GOAL OF THE EXERCISE - What's needed is the listing below, repeated word for word with no pictures.

DATASET CONTENT -

※ ※ ※

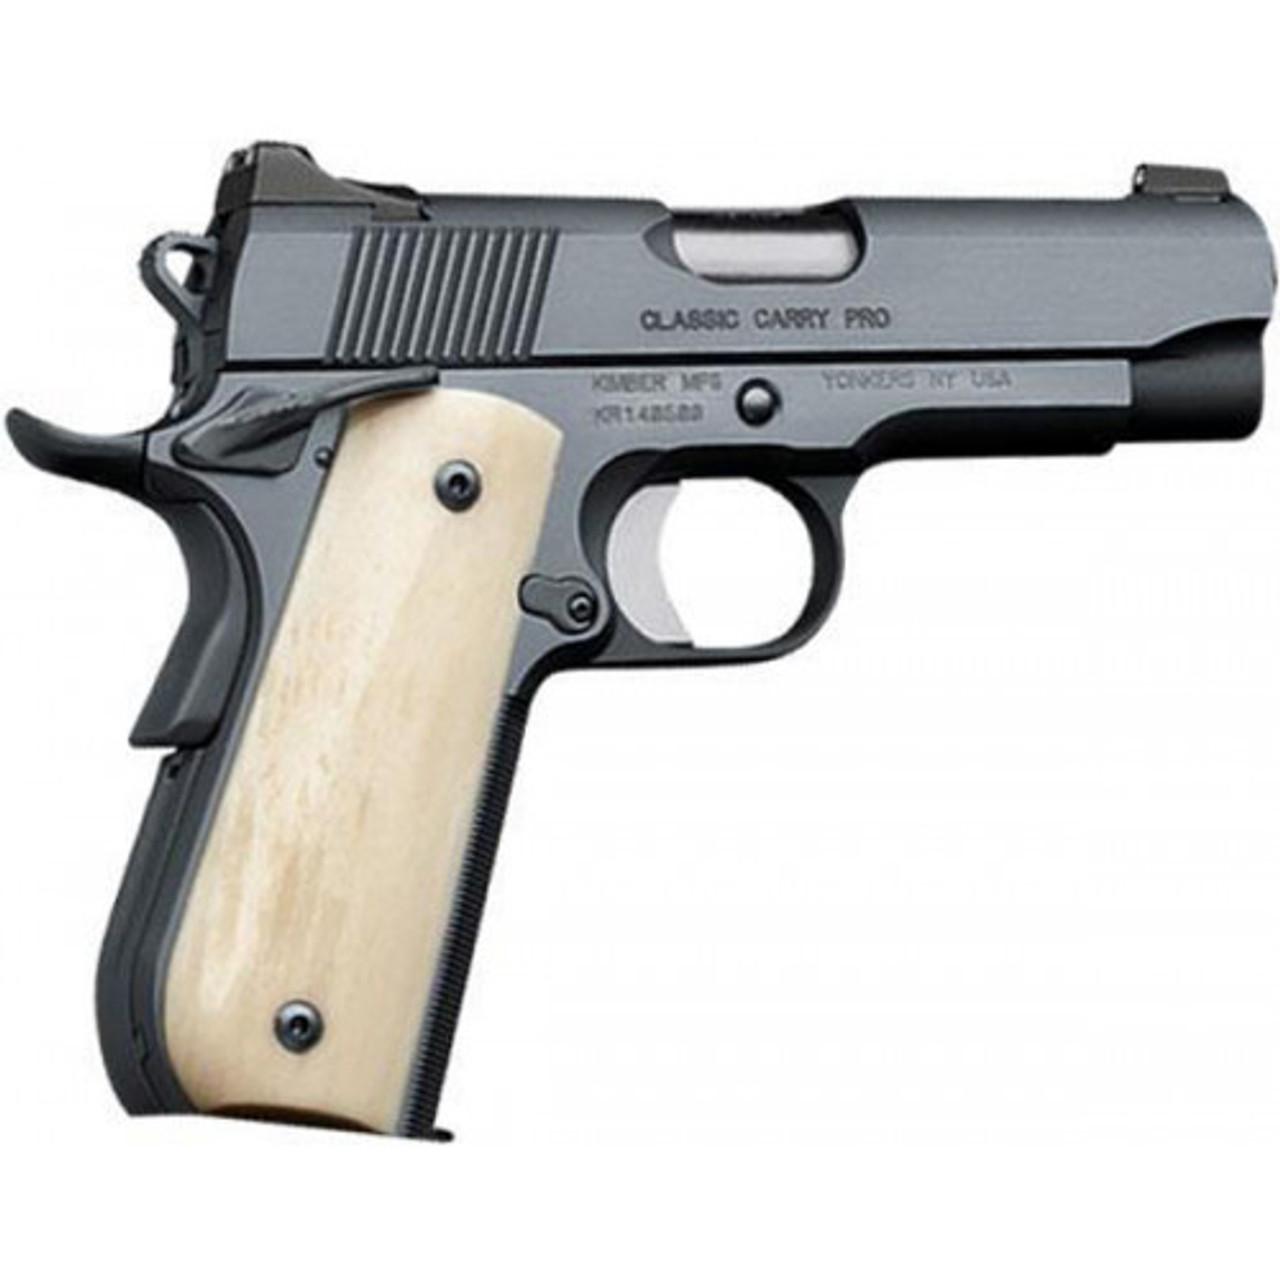 Kimber Classic Carry Pro 45 ACP, 4
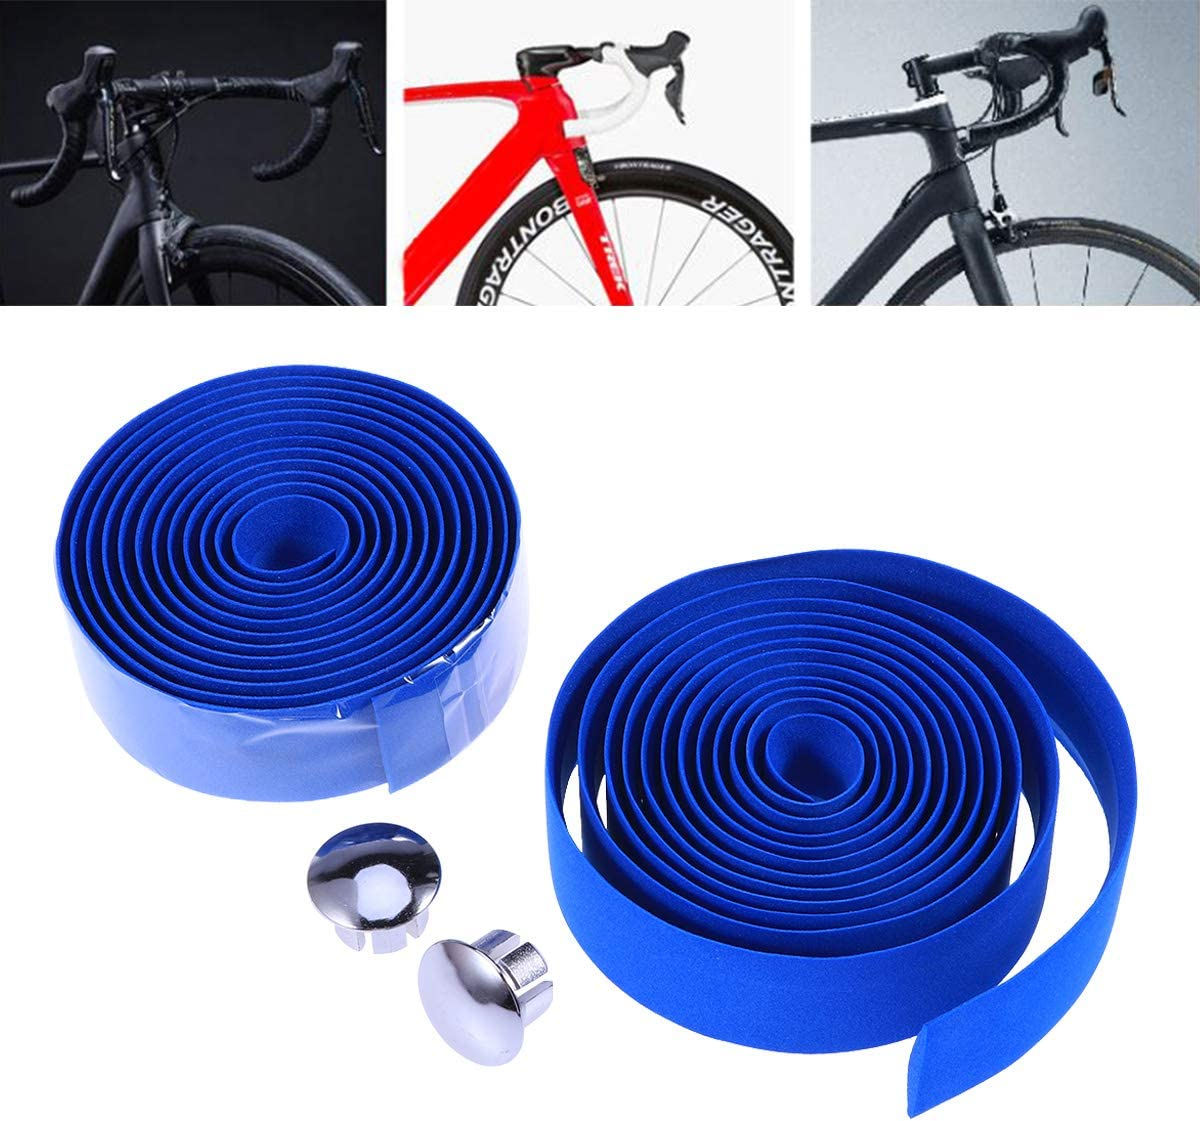 Mountain Bike Handlebar Tape Bike Bicycle Rubber Handle Grip Bar Sticker 1 Pair
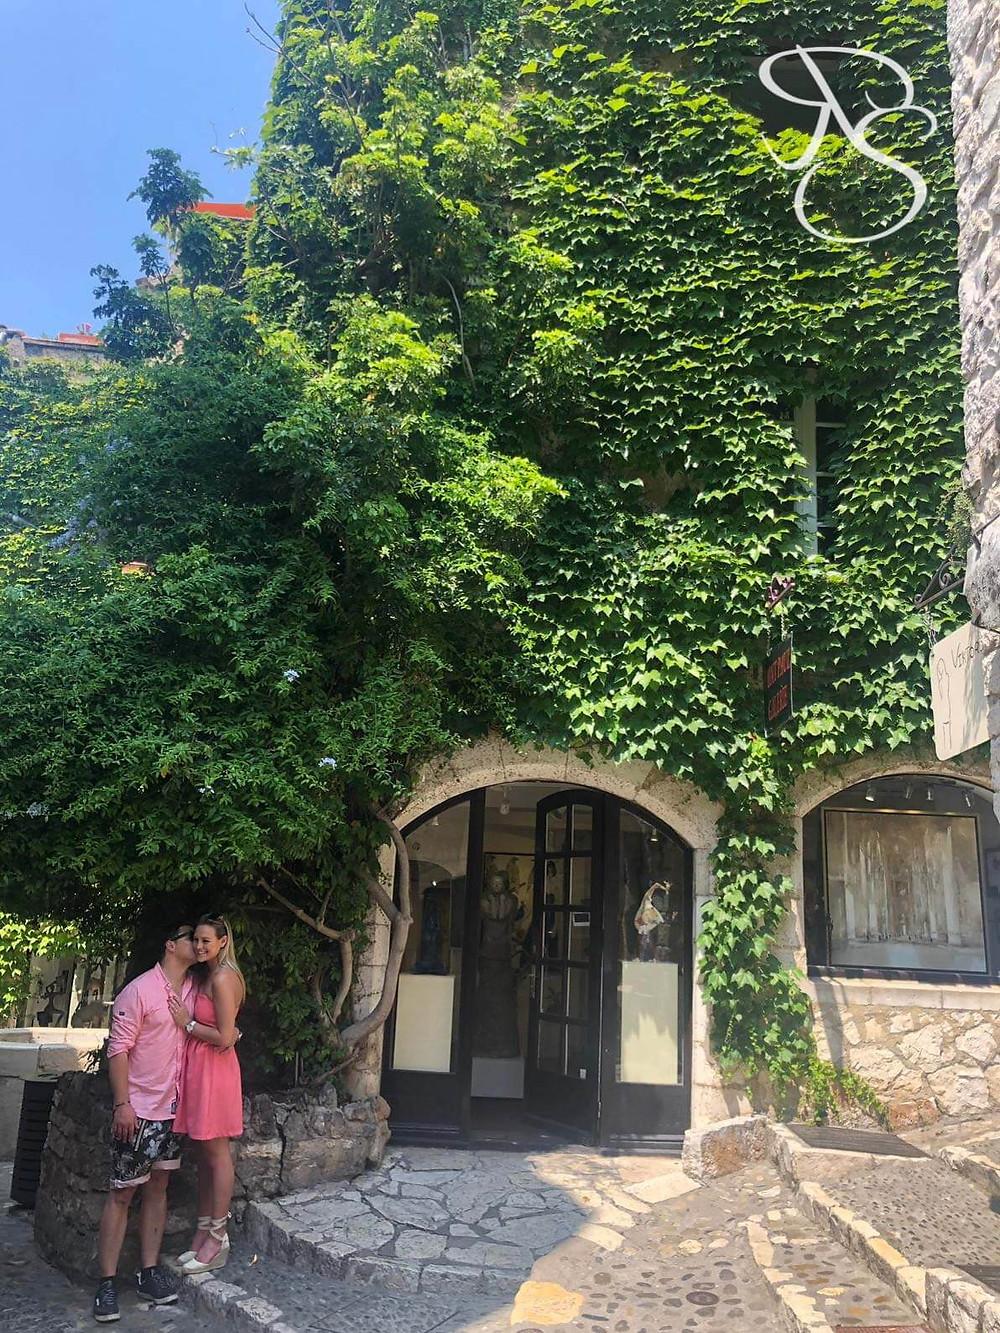 Romantic Proposal, exclusive private tours with Riviera Secrets

※ ※ ※

RESPONSE AREA -
 Kimber Classic Carry Pro 45 ACP, 4
 Mountain Bike Handlebar Tape Bike Bicycle Rubber Handle Grip Bar Sticker 1 Pair
 Romantic Proposal, exclusive private tours with Riviera Secrets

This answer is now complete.